Security context: 0x30f4a8e25ee1 <JSObject>
    1: /* anonymous */ [/Users/matthewschupack/dev/streamTests/1/write.js:~1] [pc=0x270efe213894](this=0x30f4e07ed2f1 <Object map = 0x30f4ede823b9>,exports=0x30f4e07ed2f1 <Object map = 0x30f4ede823b9>,require=0x30f4e07ed2a9 <JSFunction require (sfi = 0x30f493b410f1)>,module=0x30f4e07ed221 <Module map = 0x30f4edec1601>,__filename=0x30f493b47221 <String[49]: /Users/matthewschupack/dev/streamTests/...

FATAL ERROR: CALL_AND_RETRY_LAST Allocation failed - JavaScript heap out of memory
 1: node::Abort() [/usr/local/bin/node]
 2: node::FatalException(v8::Isolate*, v8::Local<v8::Value>, v8::Local<v8::Message>) [/usr/local/bin/node]
 3: v8::internal::V8::FatalProcessOutOfMemory(char const*, bool) [/usr/local/bin/node]
 4: v8::internal::Factory::NewFillerObject(int, bool, v8::internal::AllocationSpace) [/usr/local/bin/node]
 5: v8::internal::Runtime_AllocateInTargetSpace(int, v8::internal::Object**, v8::internal::Isolate*) [/usr/local/bin/node]
 6: 0x270efe08463d
 7: 0x270efe213894
 8: 0x270efe174048
[1]    47234 abort      node write.js

此代码

const file = require("fs").createWriteStream("./test.dat");
for(var i = 0; i < 1e6; i++){

    file.write("aaaaaaaaaa");//ten a's
}

几乎可以立即完美运行,并产生10MB的文件.据我了解,流的要点是两个版本应该在大约相同的时间内运行,因为数据是相同的.即使每次迭代将a的数量增加到100或1000,也几乎不会增加运行时间,并且写入1GB文件没有任何问题.在1e6次迭代中每次迭代写入一个字符也可以正常工作.

runs perfectly almost instantly and produces a 10MB file. As I understood it, the point of streams is that both versions should run in about the same amount of time since the data is identical. Even increasing the number of as to 100 or 1000 per iteration hardly increases the running time even and writes a 1GB file without any issues. Writing a single character per iteration at 1e6 iterations also works fine.

这是怎么回事?

推荐答案

发生内存不足错误是因为您没有等待drain事件的发出,而没有等待Node.js将缓冲所有写入的块,直到出现最大的内存使用情况.

The out of memory error happens because you're not waiting for the drain event to be emitted, without waiting Node.js will buffer all written chunks until maximum memory usage occurs.

.write将返回false.在您的代码中,您没有处理.write的返回值,因此永远不会刷新缓冲区.

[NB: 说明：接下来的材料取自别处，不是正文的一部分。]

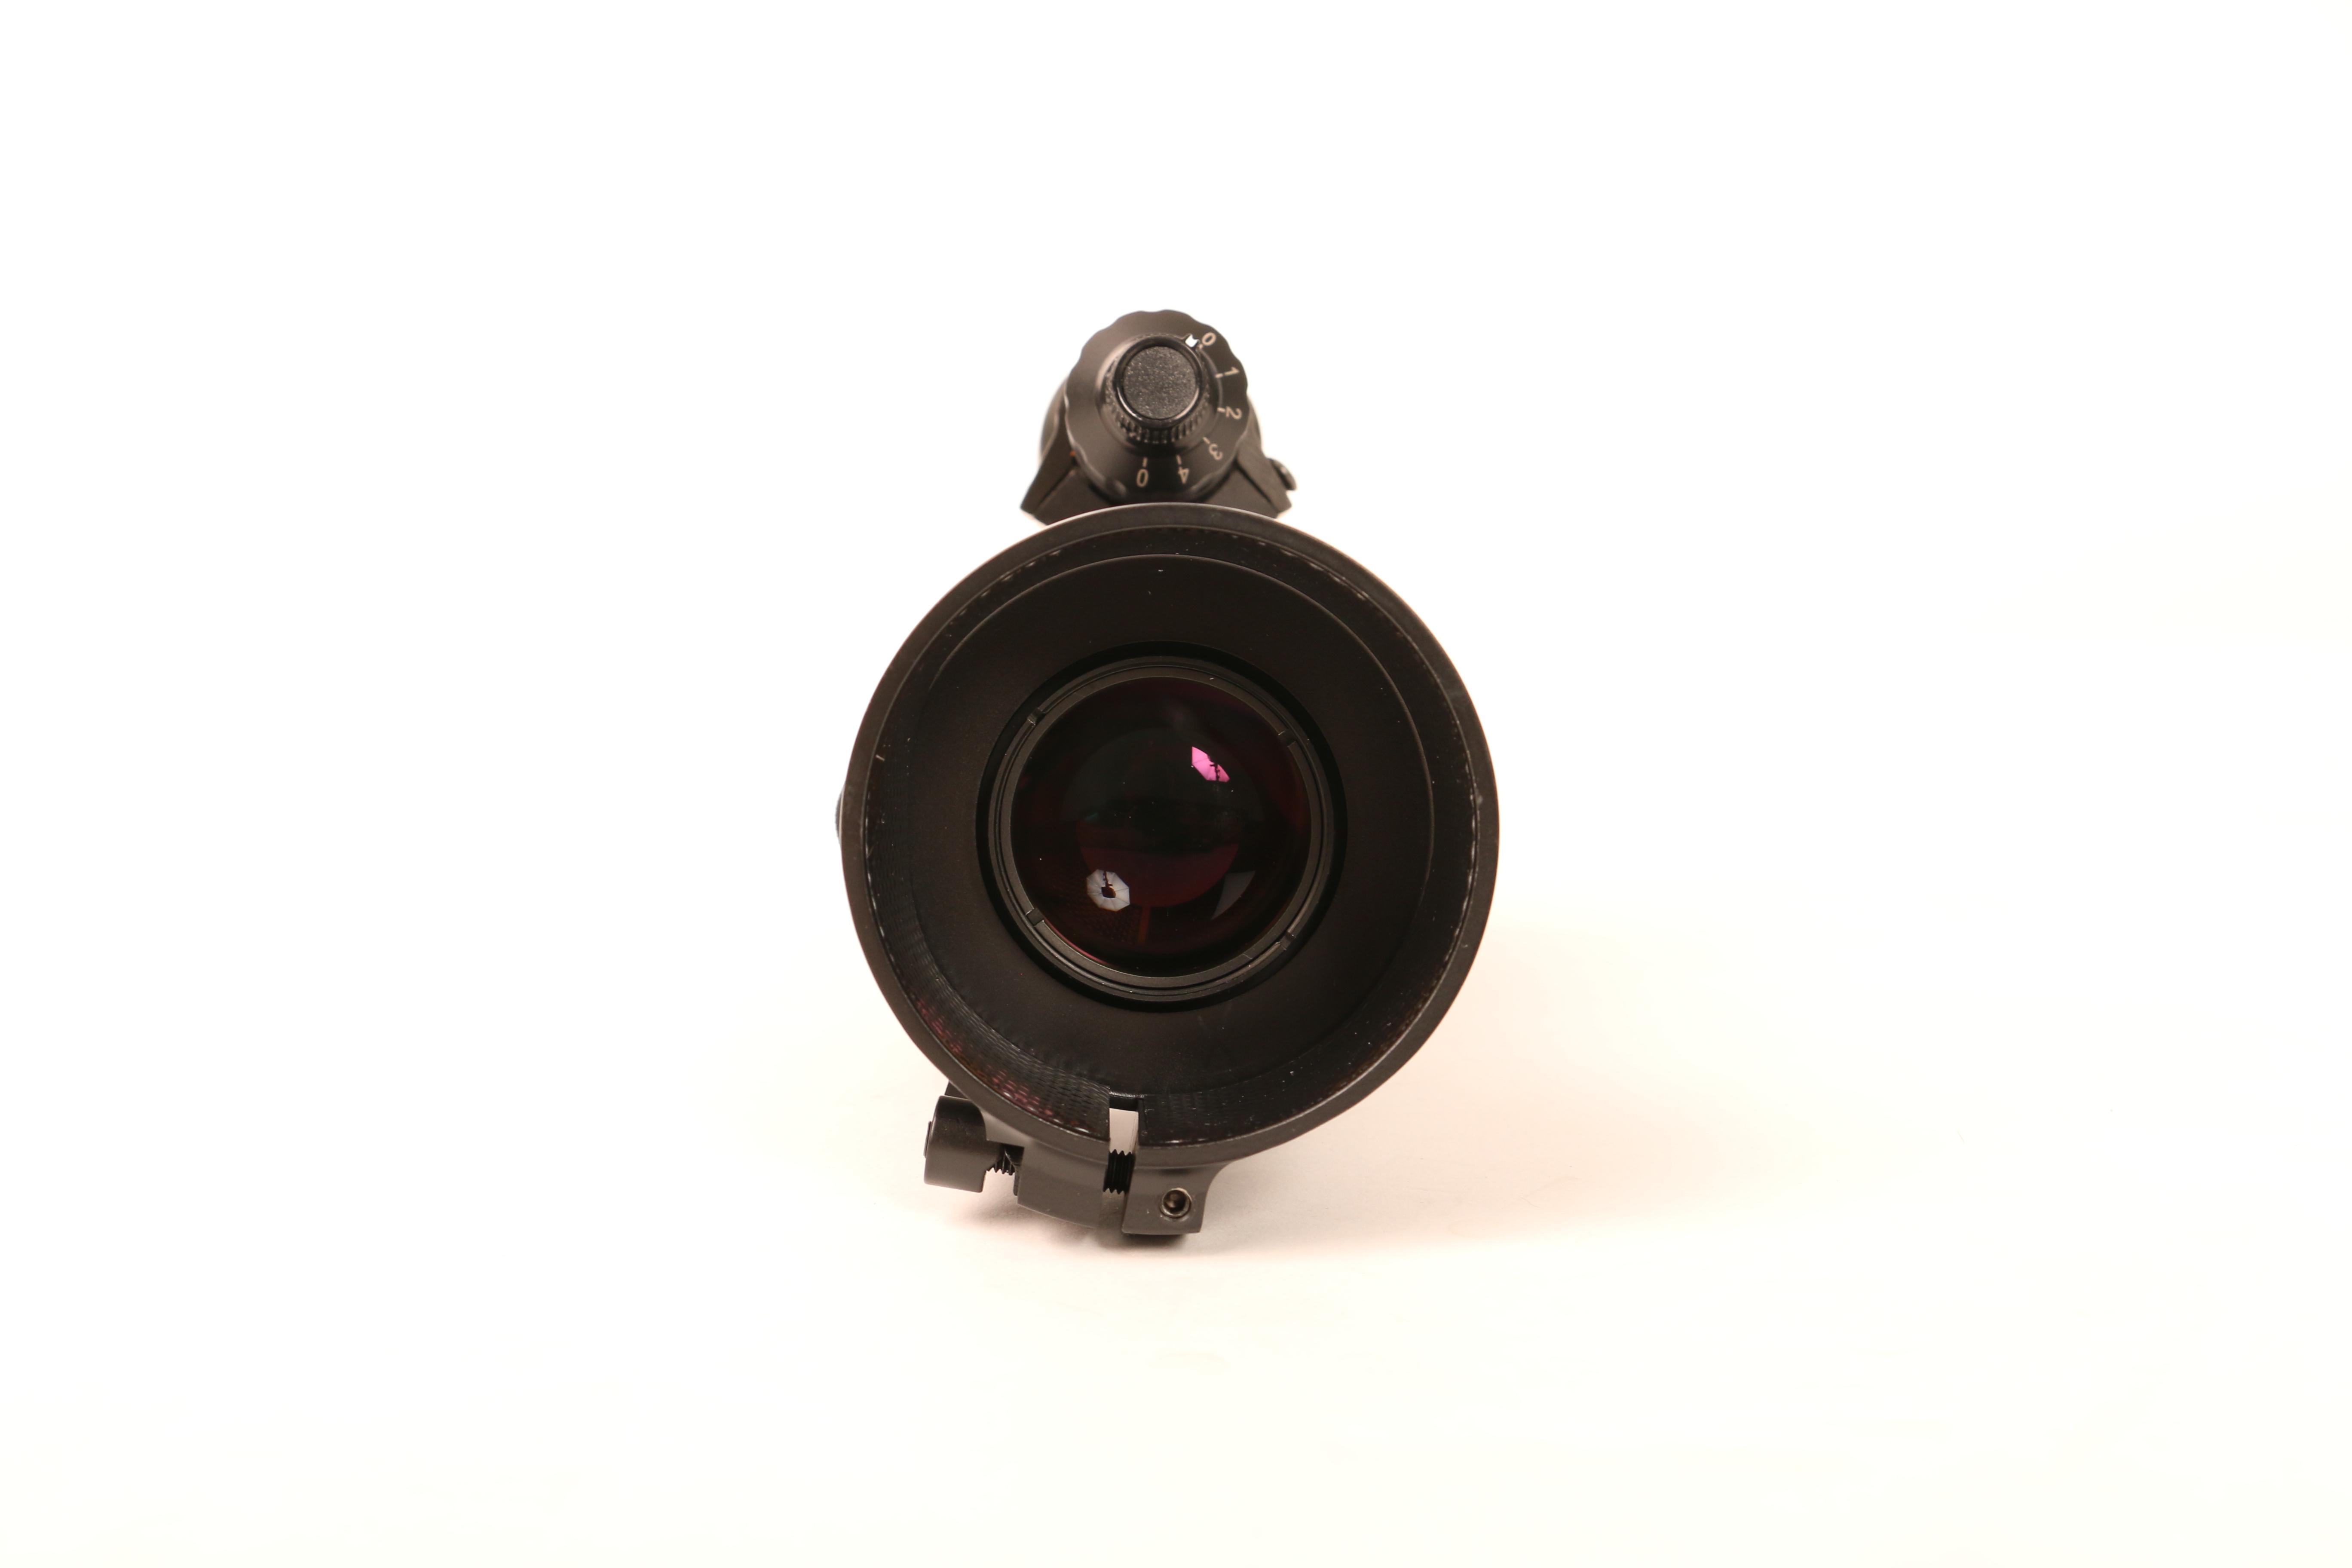 Jahnke DJ-8 NSV Premium Onyx Nachtsichtgerät Jahnke Nachtsichtgeräte - Neue Technik für die Jagd

.write will return false if the internal buffer is greater than highWaterMark which defaults to 16384 bytes (16kb). In your code, you're not handling the return value of .write, and so the buffer is never flushed.

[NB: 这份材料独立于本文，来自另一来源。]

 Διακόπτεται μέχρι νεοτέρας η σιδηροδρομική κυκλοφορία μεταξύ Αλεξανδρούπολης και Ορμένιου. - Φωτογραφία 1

使用以下命令可以很容易地进行测试:tail -f test.dat

This can be tested very easily using: tail -f test.dat

在执行脚本时,您会看到在脚本完成之前在test.dat上什么都没写.

When executing your script, you will see that nothing is being written on test.dat until the script finishes.

对于1e7,缓冲区应清除610次.

For 1e7 the buffer should be cleared 610 times.

1e7 / 16384 = 610


一种解决方案是检查.write返回值,如果返回了false,则使用包装在Promise中的file.once('drain')等待直到发出drain事件


A solution is to check for .write return value and if false is returned, use file.once('drain') wrapped in a promise to wait until drain event is emitted

注意: writable.writableHighWaterMark已在节点v9.3.0中添加

NOTE: writable.writableHighWaterMark was added in node v9.3.0

const file = require("fs").createWriteStream("./test.dat");

(async() => {

    for(let i = 0; i < 1e7; i++) {
        if(!file.write('a')) {
            // Will pause every 16384 iterations until `drain` is emitted
            await new Promise(resolve => file.once('drain', resolve));
        }
    }
})();

现在,如果执行tail -f test.dat,您将看到在脚本仍在运行时如何写入数据.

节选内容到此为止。